Secondo Bookassist l’anno scorso il 50% del traffico diretto generato verso i siti degli alberghi è arrivato dai mobile device. Ecco tutte le novità emerse a Bto

Secondo Bookassist l’anno scorso il 50% del traffico diretto generato verso i siti degli alberghi è arriva

Di Job in Tourism, 10 Aprile 2019

Tutto a portata di smartphone: avanza la percentuale di ricerche e prenotazioni alberghiere effettuate tramite cellulare (o tablet), ma il potere del mobile non si ferma a questo. Gli hotel si stanno attrezzando per offrire ai propri clienti un servizio automatizzato grazie ad App tuttofare. Ma ci sono naturalmente ancora nodi da sciogliere per le aziende.
Di tutto questo si è parlato all’ultima edizione di Bto, la manifestazione sul turismo online e digitale andata in scena a fine marzo alla Stazione Leopolda di Firenze, e che tra panel, incontri tecnici e aziende di tecnologia digitale applicate al turismo ha posto l’accento su una serie di questioni. Tra le più importanti quella delle prenotazioni alberghiere.

Secondo i dati dell’Osservatorio di Bookassist, agenzia attiva nel campo del marketing online e delle tecnologie applicate all’industria alberghiera, le ricerche di hotel da mobile stanno raggiungendo un punto di piena maturazione. Nel 2018 il 50% del traffico diretto generato verso i siti web degli hotel è arrivato dai mobile device, con in testa i mercati inglese, irlandese, spagnolo e portoghese dove un utente su due sceglie, già oggi, l’hotel “on the go” da smartphone.

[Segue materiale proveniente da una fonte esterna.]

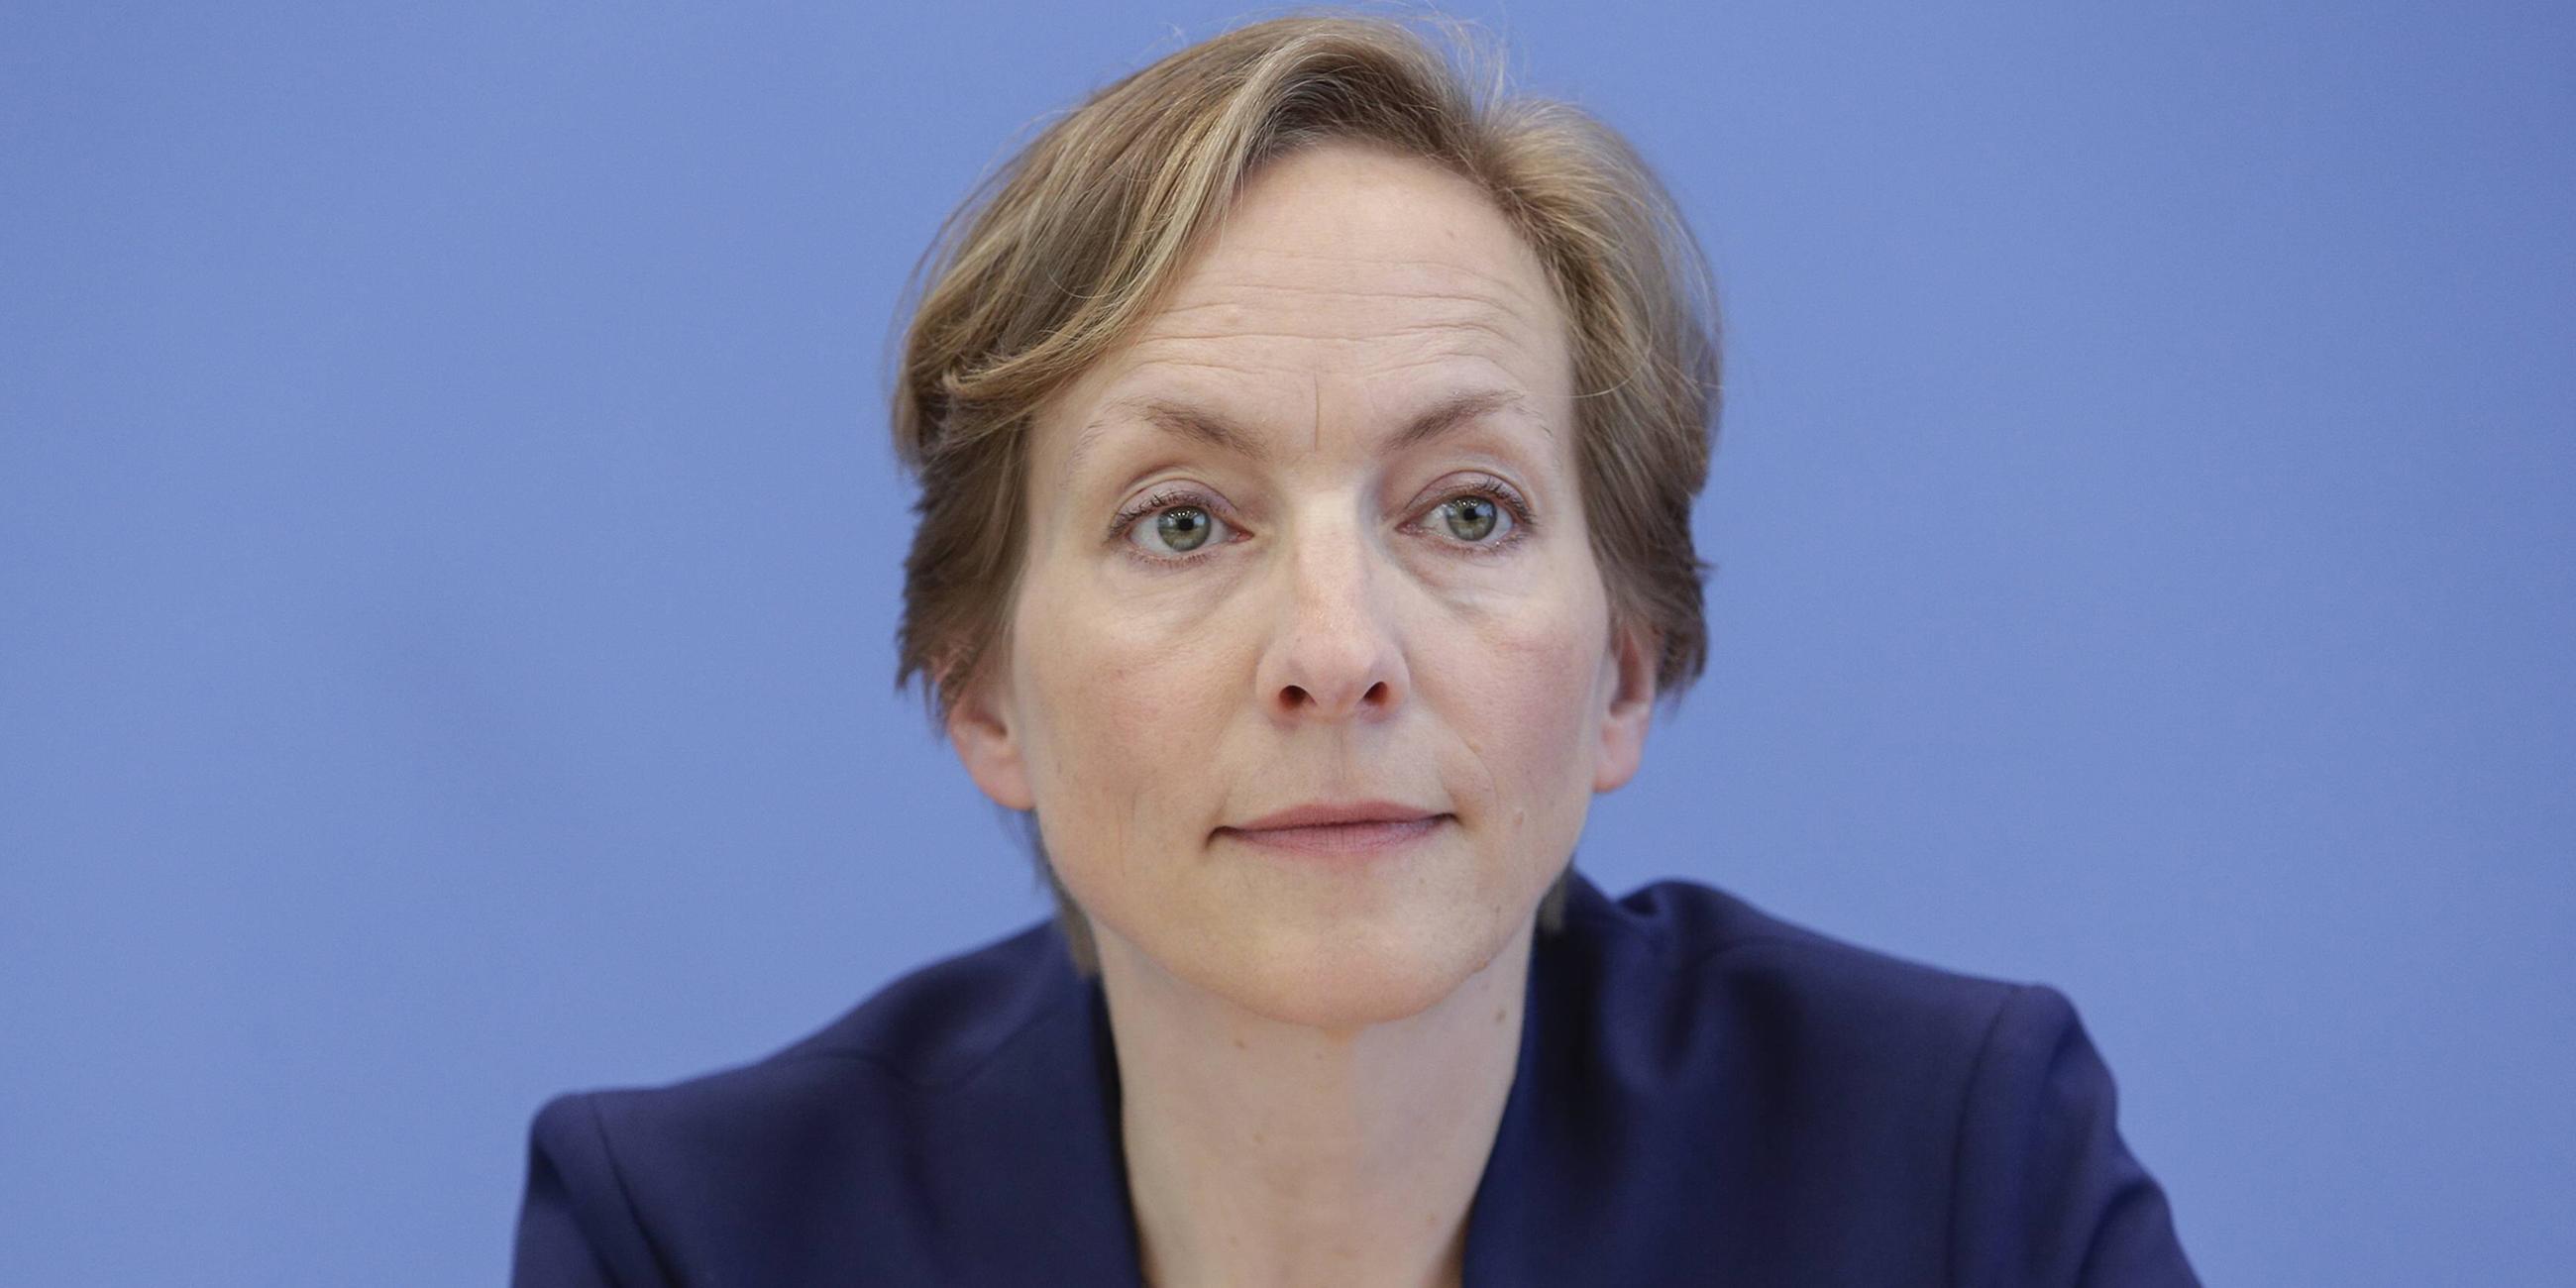 Archiv: Prof. Dr. Ursula Schroeder, Institut fuer Friedensforschung und Sicherheitspolitik an der Universitaet Hamburg, IFSH.

In Italia e nei Paesi del Centro Europa, invece, le percentuali di traffico dai dispositivi mobile smart si abbassano a poco più di un terzo. Il traffico del mercato italiano arriva ad un 34% con un incremento del +2%.

Gli hotel italiani

Quali sono i viaggiatori più propensi a prenotare via smartphone? I website alberghieri italiani, sempre secondo la campionatura di Bookassist (oltre 2000 alberghi globalmente), hanno visto un +13% di incremento di revenue proveniente da prenotazioni su telefonino, con uno share sul totale delle prenotazioni online dirette che si assesta al 12% sul totale. Invece è a doppia cifra la crescita per quanto riguarda le prenotazioni e il fatturato generato dalle prenotazioni su smartphone dei mercati europei: i Paesi anglofoni guidano il cambiamento con un quarto del fatturato del sito web generato da contatti tramite smartphone e un incremento annuale che arriva al +13%. I mercati di lingua tedesca hanno subito un’accelerata con +39% del fatturato prodotto da mobile nel 2018 rispetto all’anno precedente. Le tendenze dimostrano come sempre più lo smartphone sia il device preferito specialmente da chi viaggia ed è sempre in movimento. Le persone lo usano ogni giorno per trovare informazioni, raggiungere un luogo o fare una prenotazione, tanto che nel mondo la metà delle persone che acquista online lo fa da un cellulare.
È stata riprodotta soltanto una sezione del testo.